This error is caused by the loss function shown below.
pos_predict is the data predicted by the model, pos_relaxed is the true value. The error is caused by this line
err += torch.sqrt(torch.sum(diff_pos[s] ** 2))
How can I rewrite it to a non-inplace operation form ?
def loss_func(model, batch, h):
pos_relaxed = batch["pos_relaxed"]
count_i_atom = batch["count_i_atom"]
cell = batch["cell"]
inv_cell = batch["inv_cell"]
# pos_predict is the data predicted by the model
pos_predict = model(h, batch)
n_obj = len(count_i_atom) - 1
frac_pos_a = torch.zeros_like(pos_relaxed)
frac_pos_b = torch.zeros_like(pos_predict)
for i in range(n_obj):
s = slice(count_i_atom[i], count_i_atom[i+1])
a_inv_cell = inv_cell[(i*3):(i*3+3), :]
frac_pos_a[s] = torch.matmul(pos_relaxed[s], a_inv_cell)
frac_pos_b[s] = torch.matmul(pos_predict[s], a_inv_cell)
diff_pos = frac_pos_a - frac_pos_b
flag = diff_pos > 0.5
diff_pos[flag] -= 1.0
flag = diff_pos < -0.5
diff_pos[flag] += 1.0
err = 0
for i in range(n_obj):
s = slice(count_i_atom[i], count_i_atom[i+1])
a_cell = cell[(i*3):(i*3+3), :]
diff_pos[s] = torch.matmul(diff_pos[s], a_cell)

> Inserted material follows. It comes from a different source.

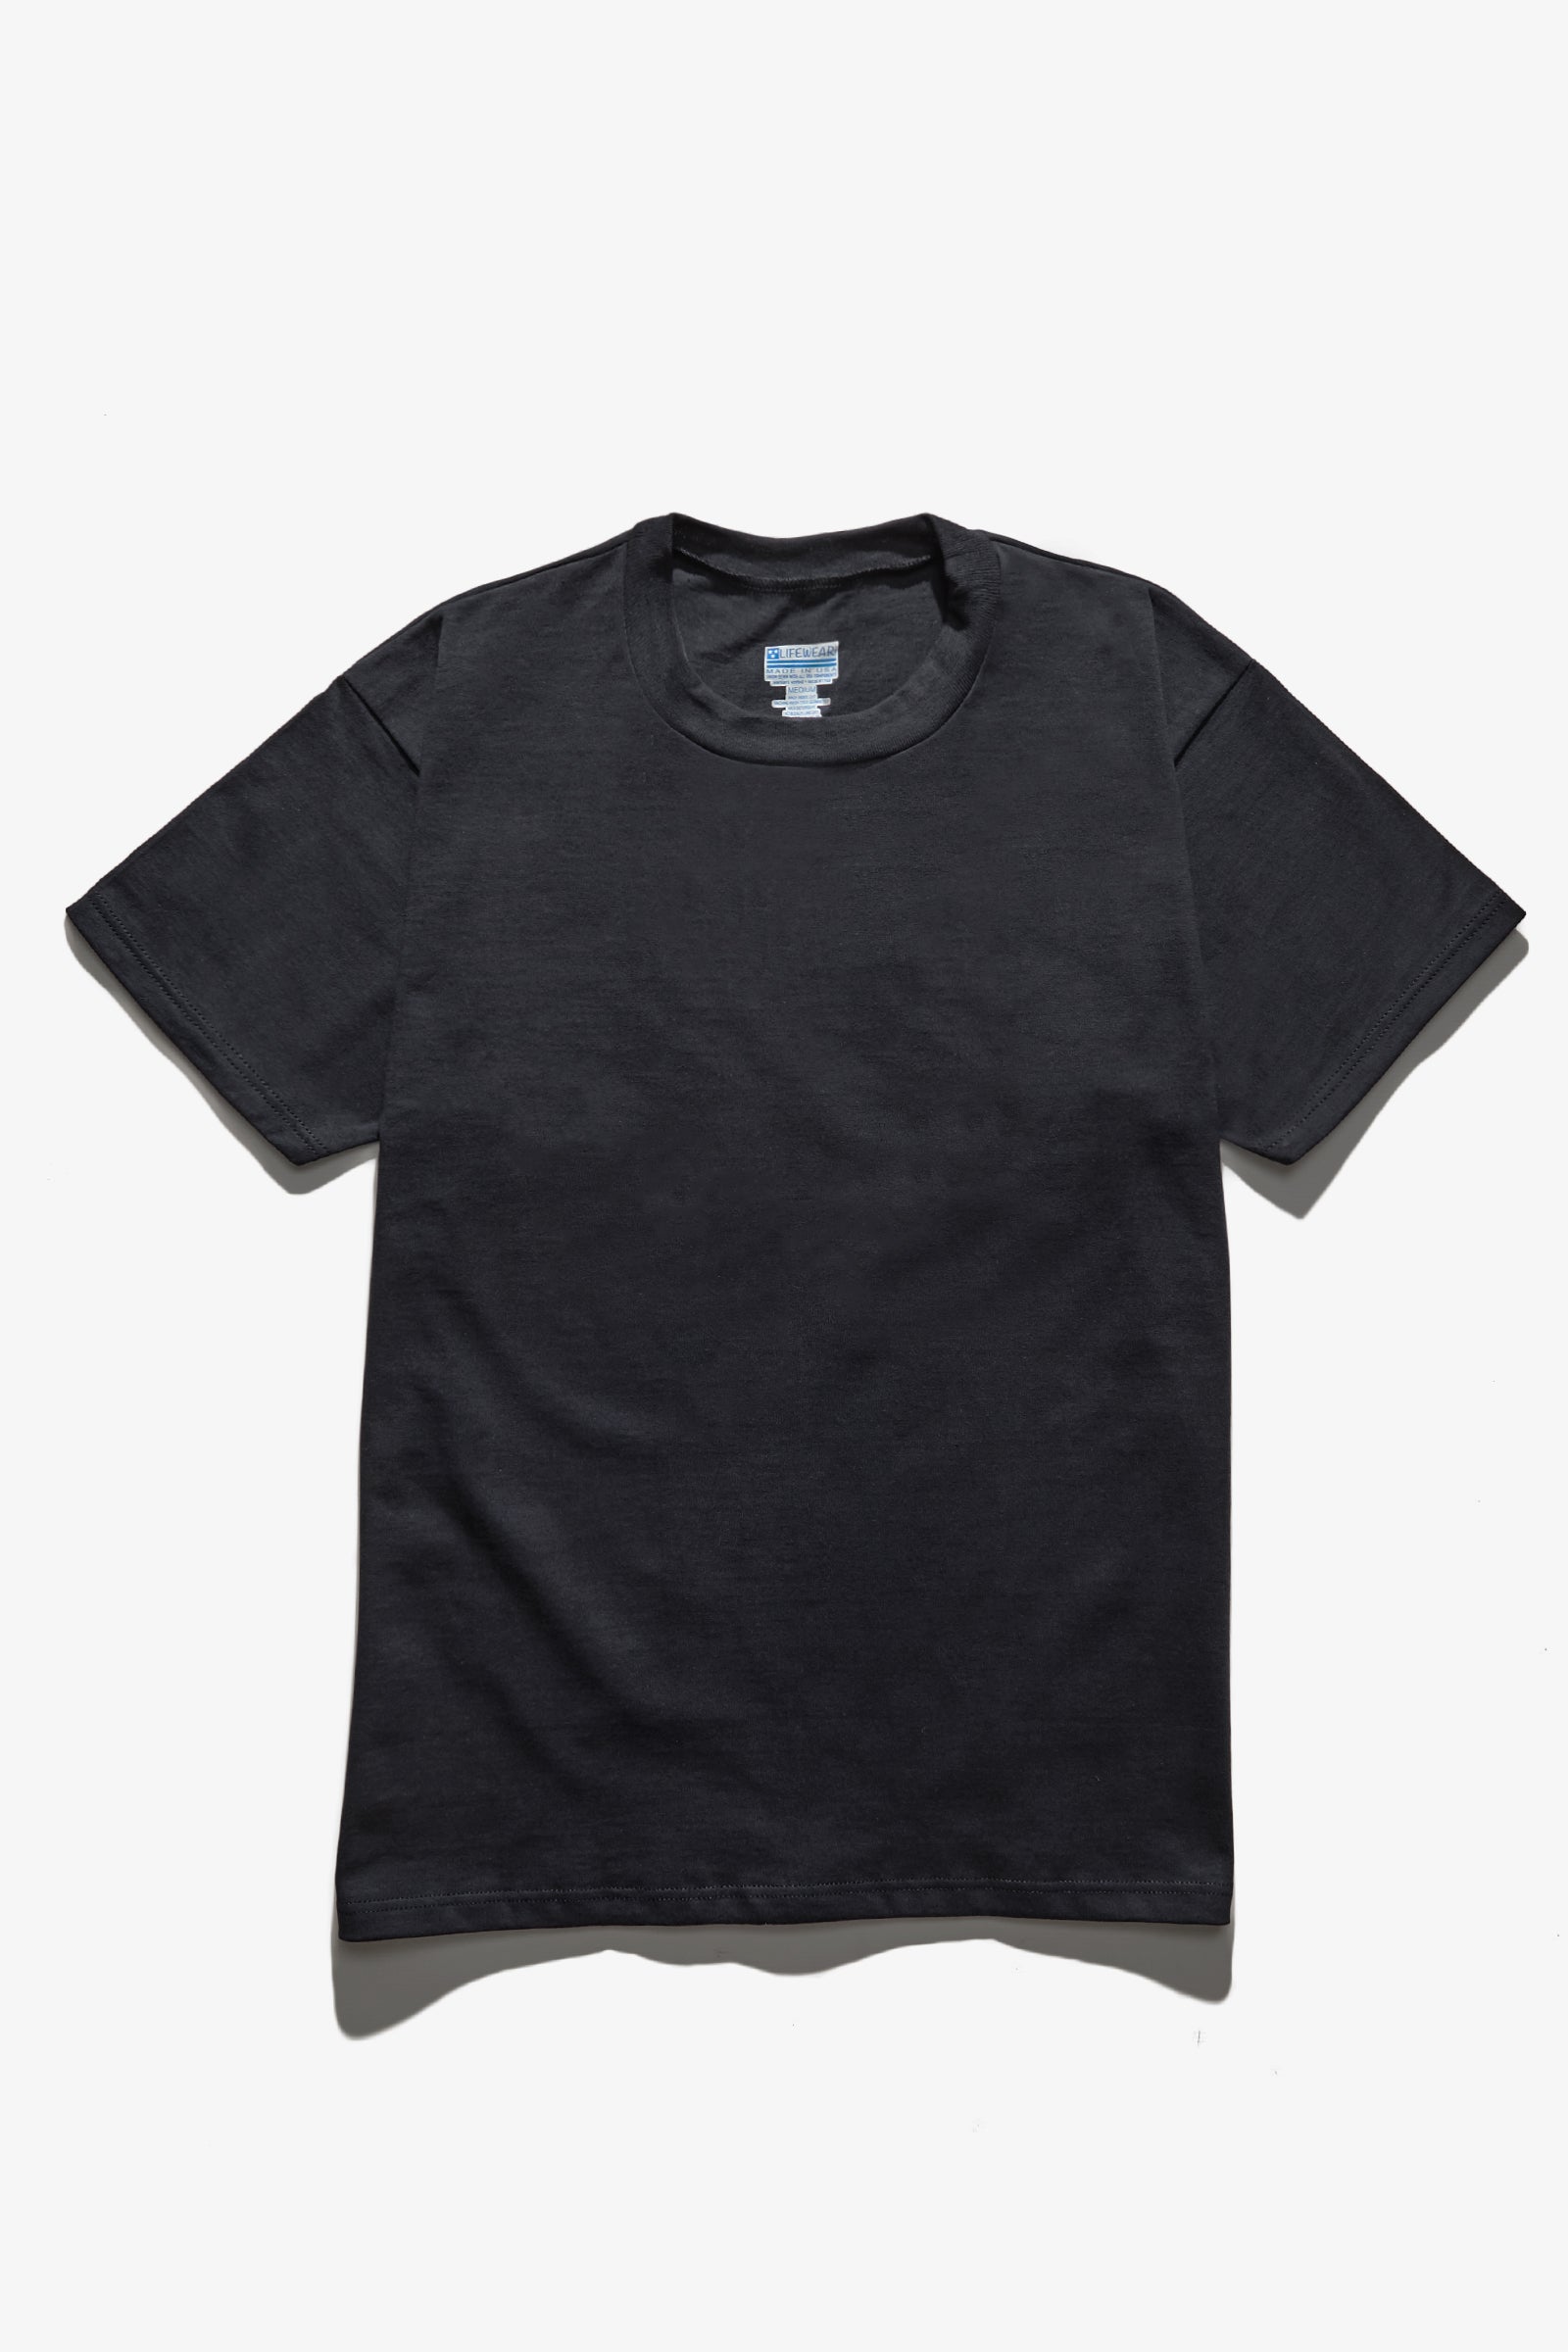 Lifewear USA - 7oz T-Shirt - Black | Blacksmith Store

err += torch.sqrt(torch.sum(diff_pos[s] ** 2))
return err / n_obj
The error is
/mnt/d/software_install/pytorch/lib/python3.12/site-packages/torch/autograd/__init__.py:266: UserWarning: Error detected in PowBackward0. Traceback of forward call that caused the error:
File "/mnt/e/workdir/ML_ADS/my_code/test_egnn.py", line 263, in <module>
loss = loss_func(model, batch, h)
File "/mnt/e/workdir/ML_ADS/my_code/test_egnn.py", line 210, in loss_func
err += torch.sqrt(torch.sum(diff_pos[s] ** 2))

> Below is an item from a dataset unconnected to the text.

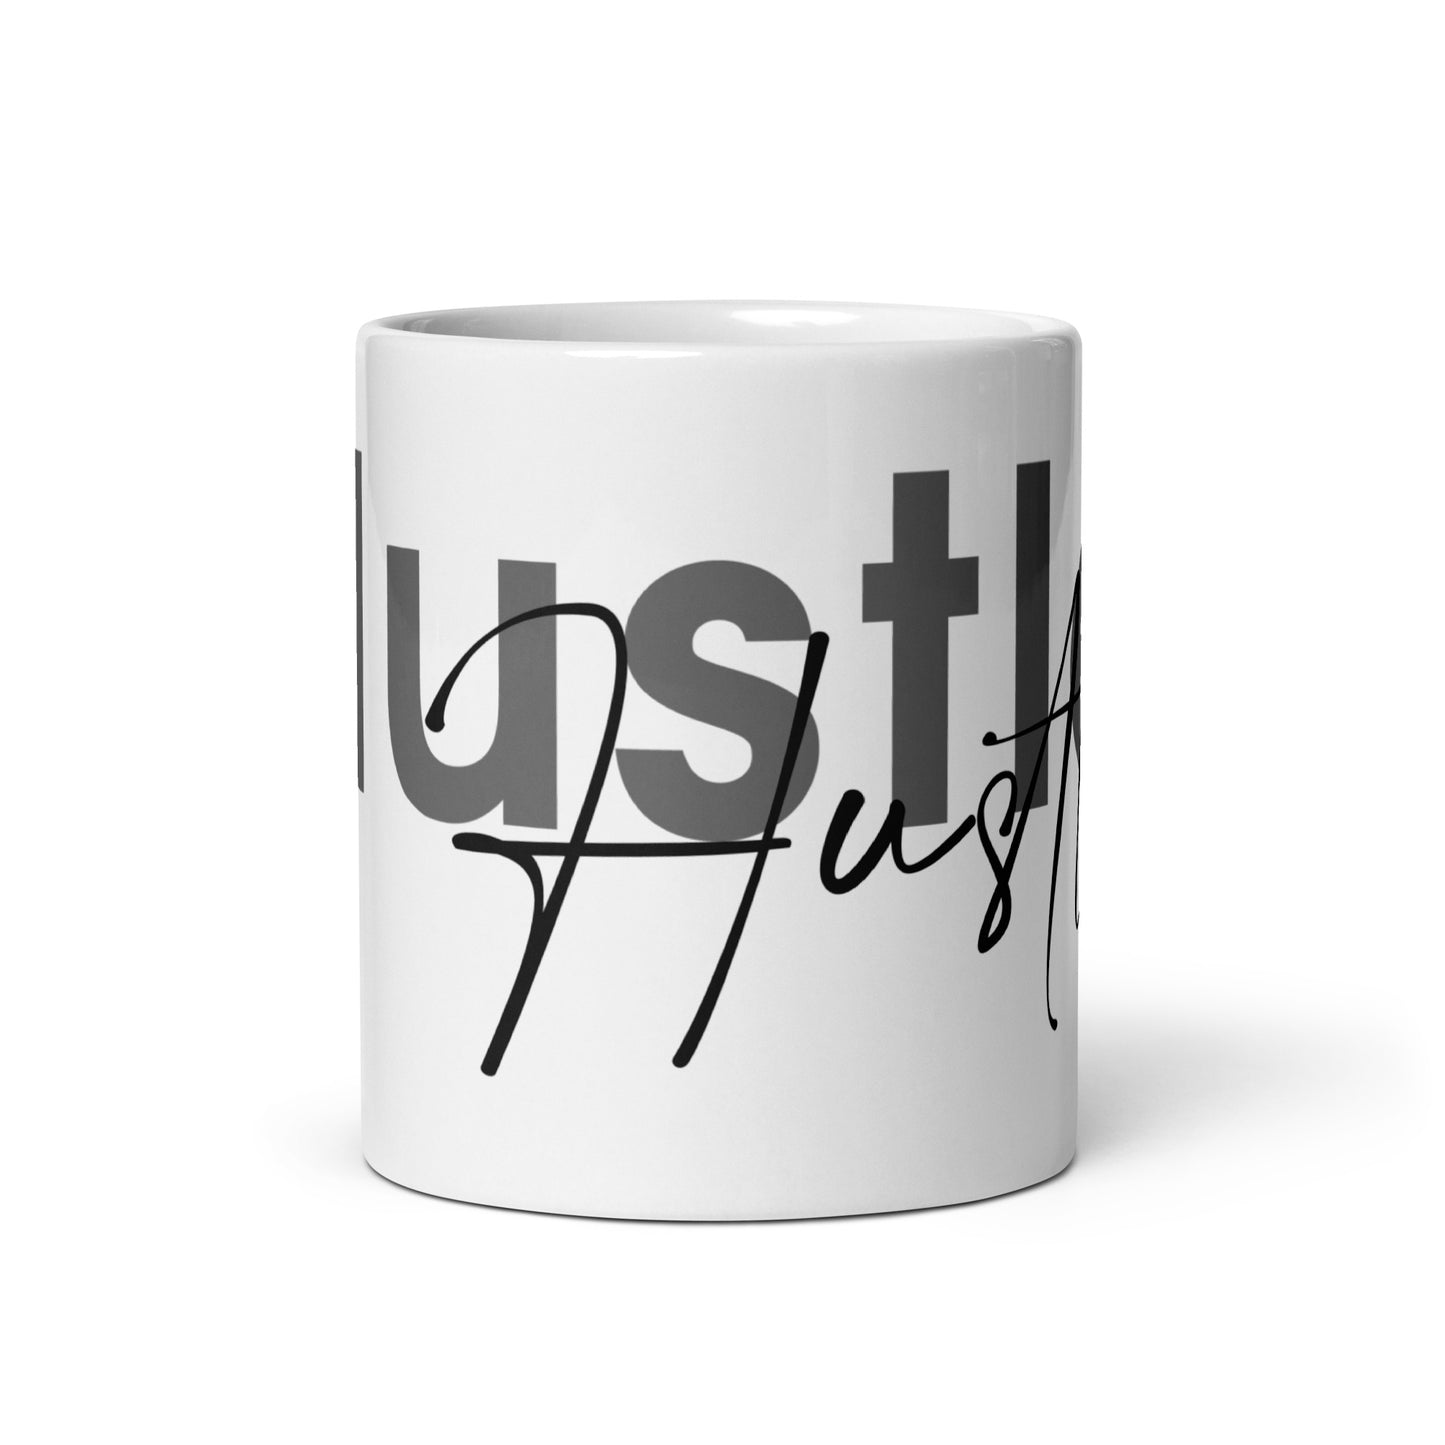 Hustle (v4) White glossy mug

File "/mnt/d/software_install/pytorch/lib/python3.12/site-packages/torch/_tensor.py", line 40, in wrapped
return f(*args, **kwargs)
(Triggered internally at /opt/conda/conda-bld/pytorch_1708025569485/work/torch/csrc/autograd/python_anomaly_mode.cpp:113.)
Variable._execution_engine.run_backward( # Calls into the C++ engine to run the backward pass
Traceback (most recent call last):
File "/mnt/e/workdir/ML_ADS/my_code/test_egnn.py", line 265, in <module>
loss.backward()
File "/mnt/d/software_install/pytorch/lib/python3.12/site-packages/torch/_tensor.py", line 522, in backward
torch.autograd.backward(
File "/mnt/d/software_install/pytorch/lib/python3.12/site-packages/torch/autograd/__init__.py", line 266, in backward
Variable._execution_engine.run_backward( # Calls into the C++ engine to run the backward pass
RuntimeError: one of the variables needed for gradient computation has been modified by an inplace operation: [torch.FloatTensor [86, 3]], which is output 0 of AsStridedBackward0, is at version 4; expected version 3 instead. Hint: the backtrace further above shows the operation that failed to compute its gradient. The variable in question was changed in there or anywhere later. Good luck!